The scary part for newspapers is we are not even close to reaching the potential that online news can offer. With the ever-changing enhancement of handheld devices, the ability to read online news on-the-go will continue to grow. I hate to say it, but in ten years the greatest use of newspaper will be for packing boxes and wiping off windshields.

Luckily this does not mean that newspaper people will be the ones out on the street corner wiping said windshields. As conventional newspapers continue to shrink, the demand for higher quality digital news reporting will be needed. There will of course be casualties, but good newspapers have set a standard that people want in news reporting, and in order to maximize the digital news phenomenon, these reporters and staff will be the part of the foundation.

My hope is that with this transition we will not lose the personal and local unity that newspapers provide.

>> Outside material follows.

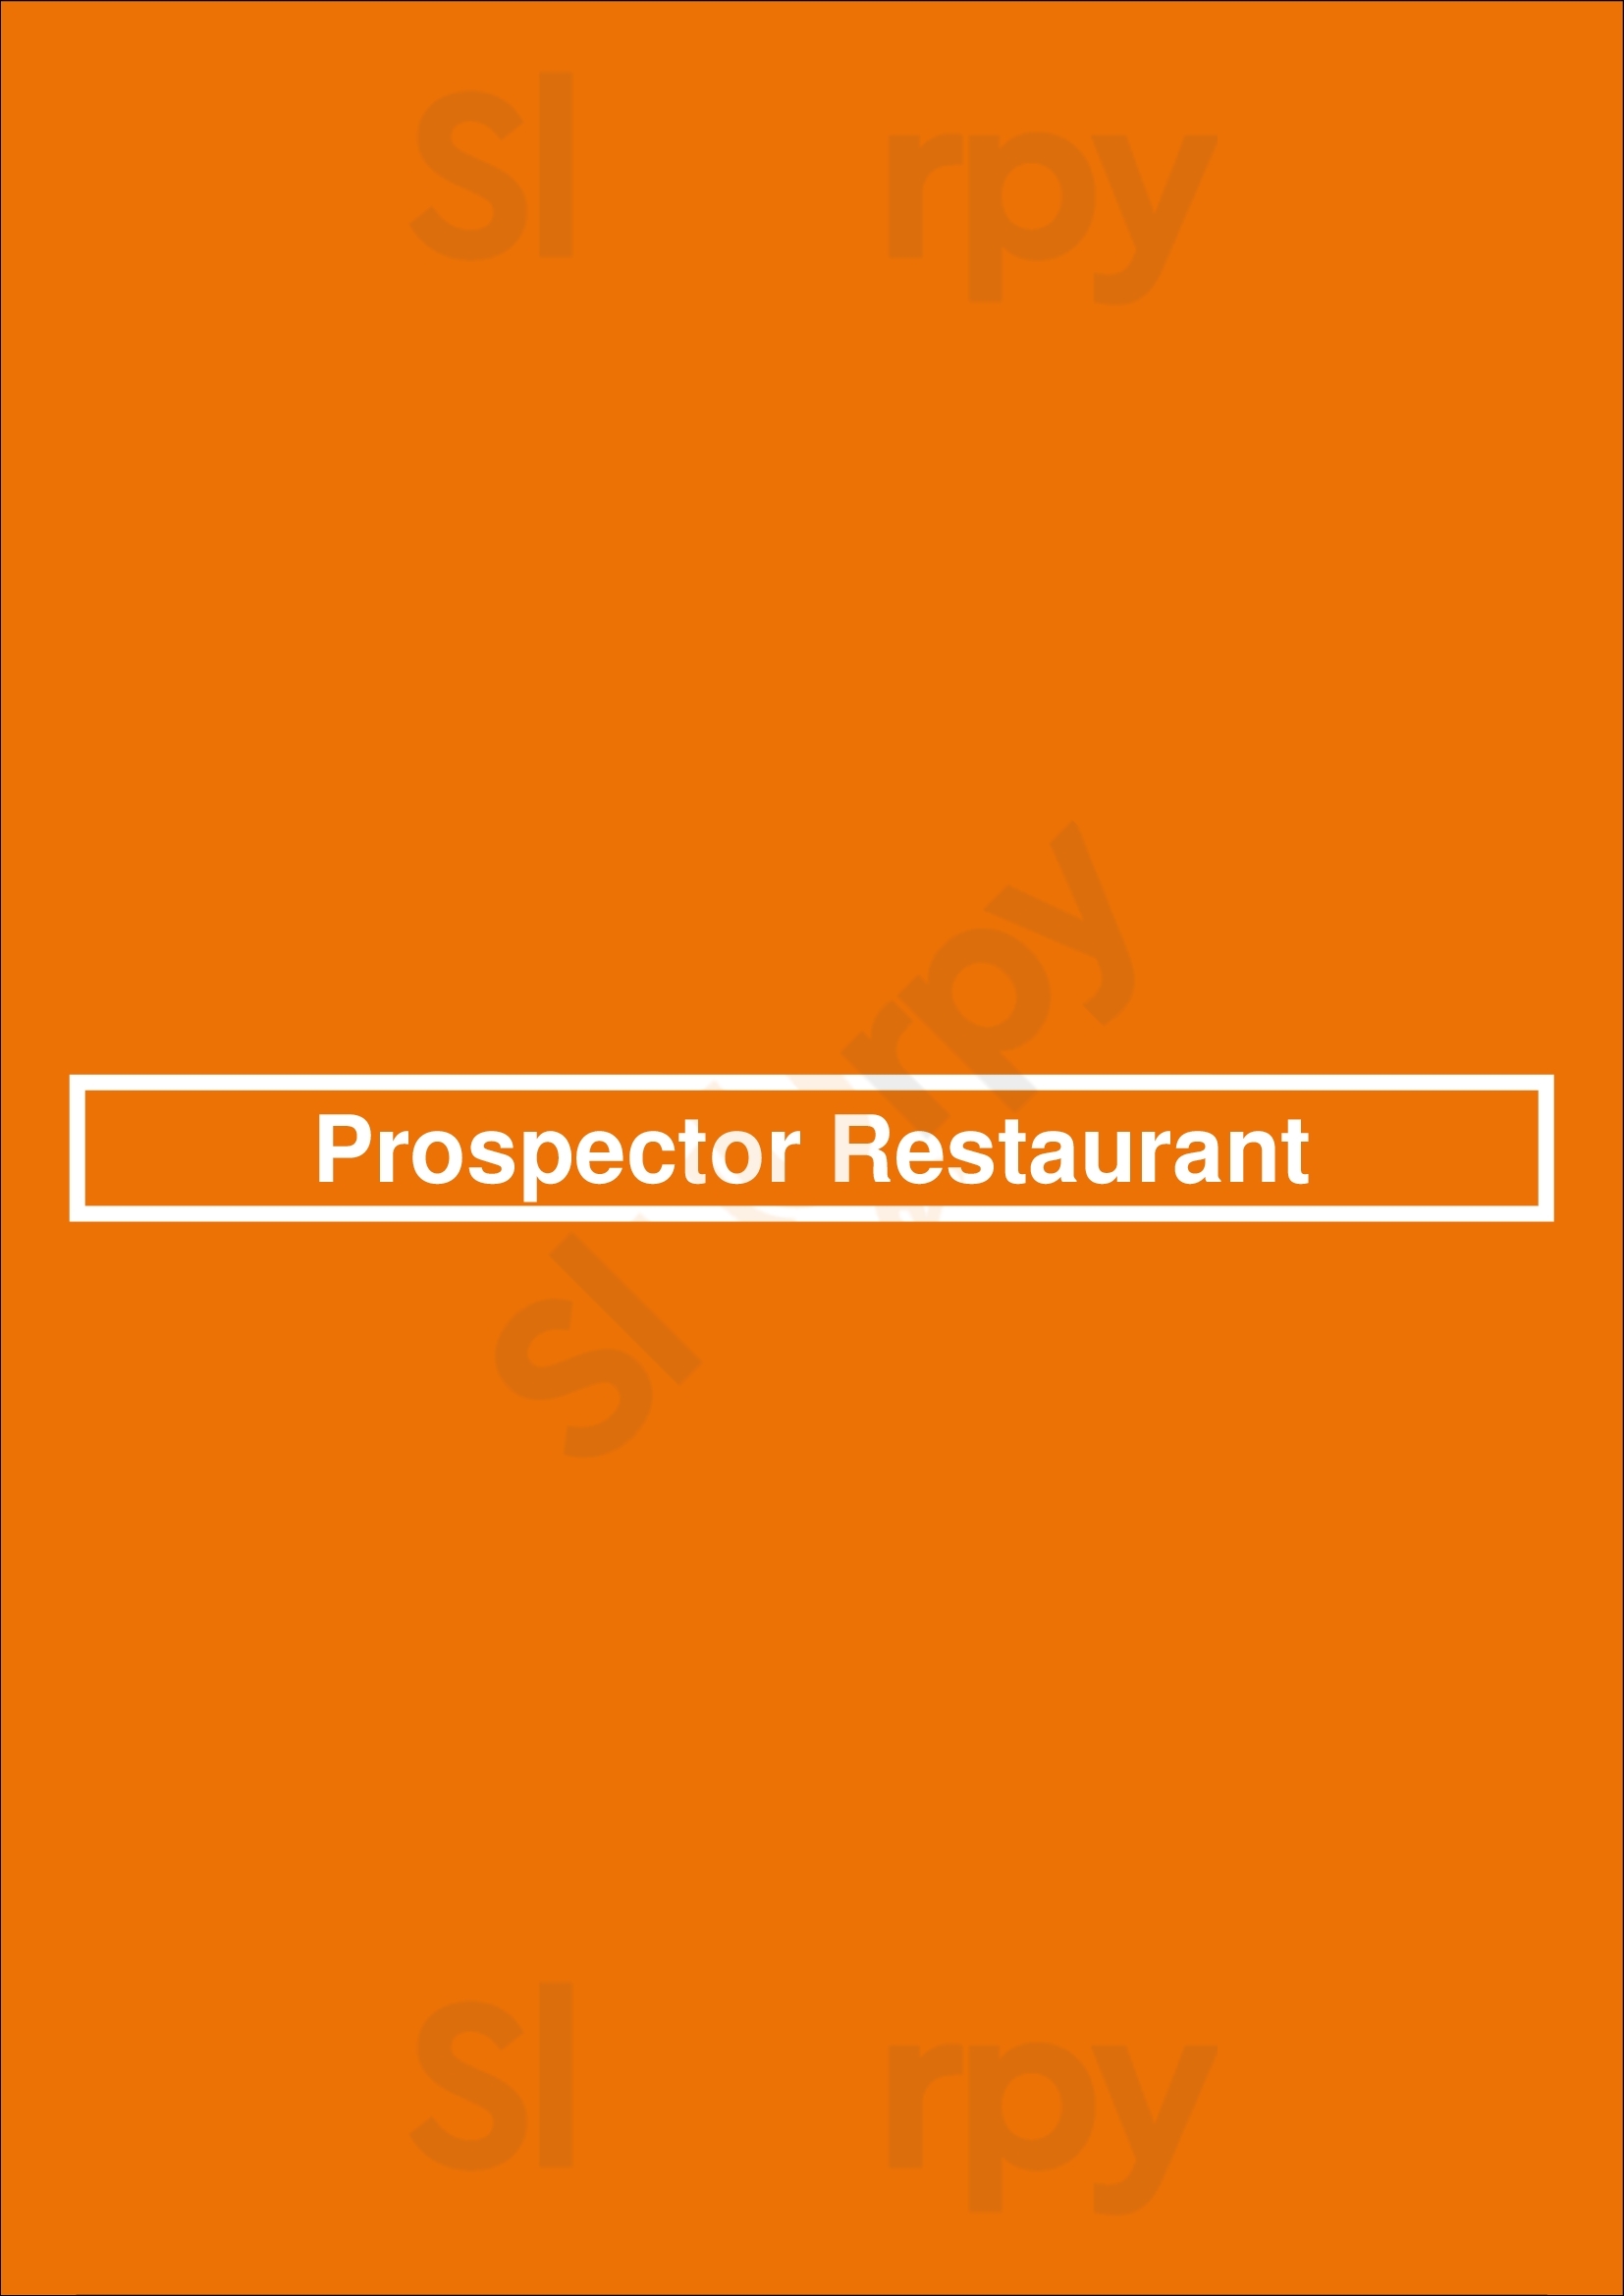 Prospector Restaurant Thunder Bay Menu - 1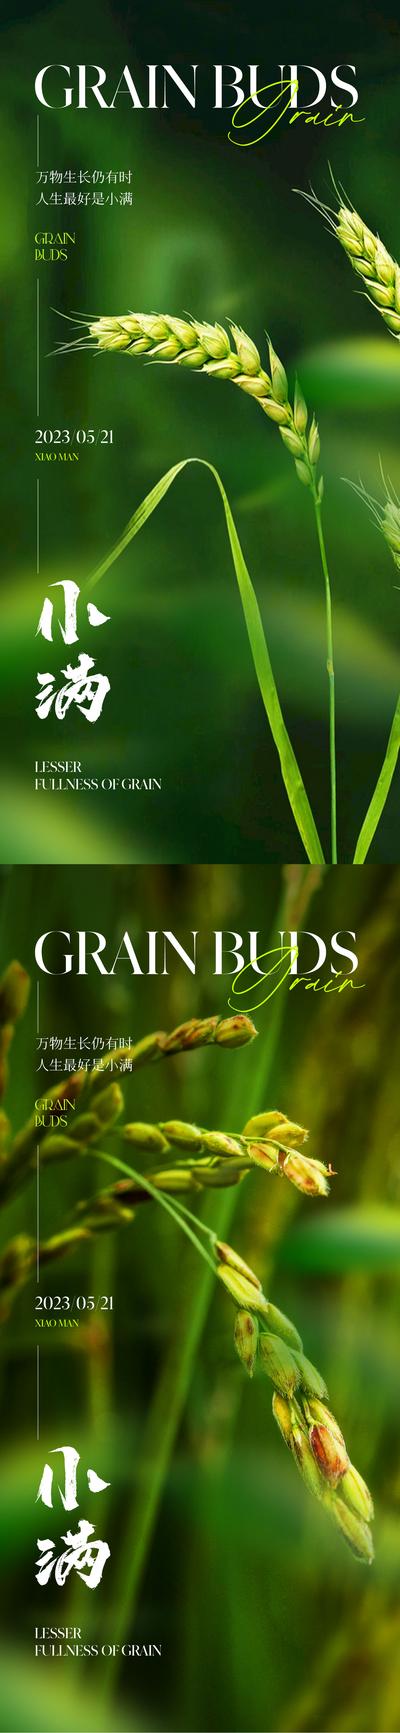 南门网 广告 海报 地产 小满 节气 质感 唯美 麦穗 麦子 小麦 谷物 绿色 清新 淡雅 高级 品质 版式

Though it was never what you bought the paper for, the small local stories were always what I ended up liking the most. On your third cup of coffee maybe you didn’t read the whole LifeStyle Section, but you could persuse through and come up away with something that bonded you a little more with the Seattle streets we walk each day. It made the world seem a little smaller and I hope that the digital version of newspapers can continue this bond.

Let us not totally mourn the death of the conventional PI, in the long run I believe they will be ahead of the game. If they can keep their quality up and gain momentum in the digital news format, they have the opportunity to be a shining example of what a digital newspaper can become.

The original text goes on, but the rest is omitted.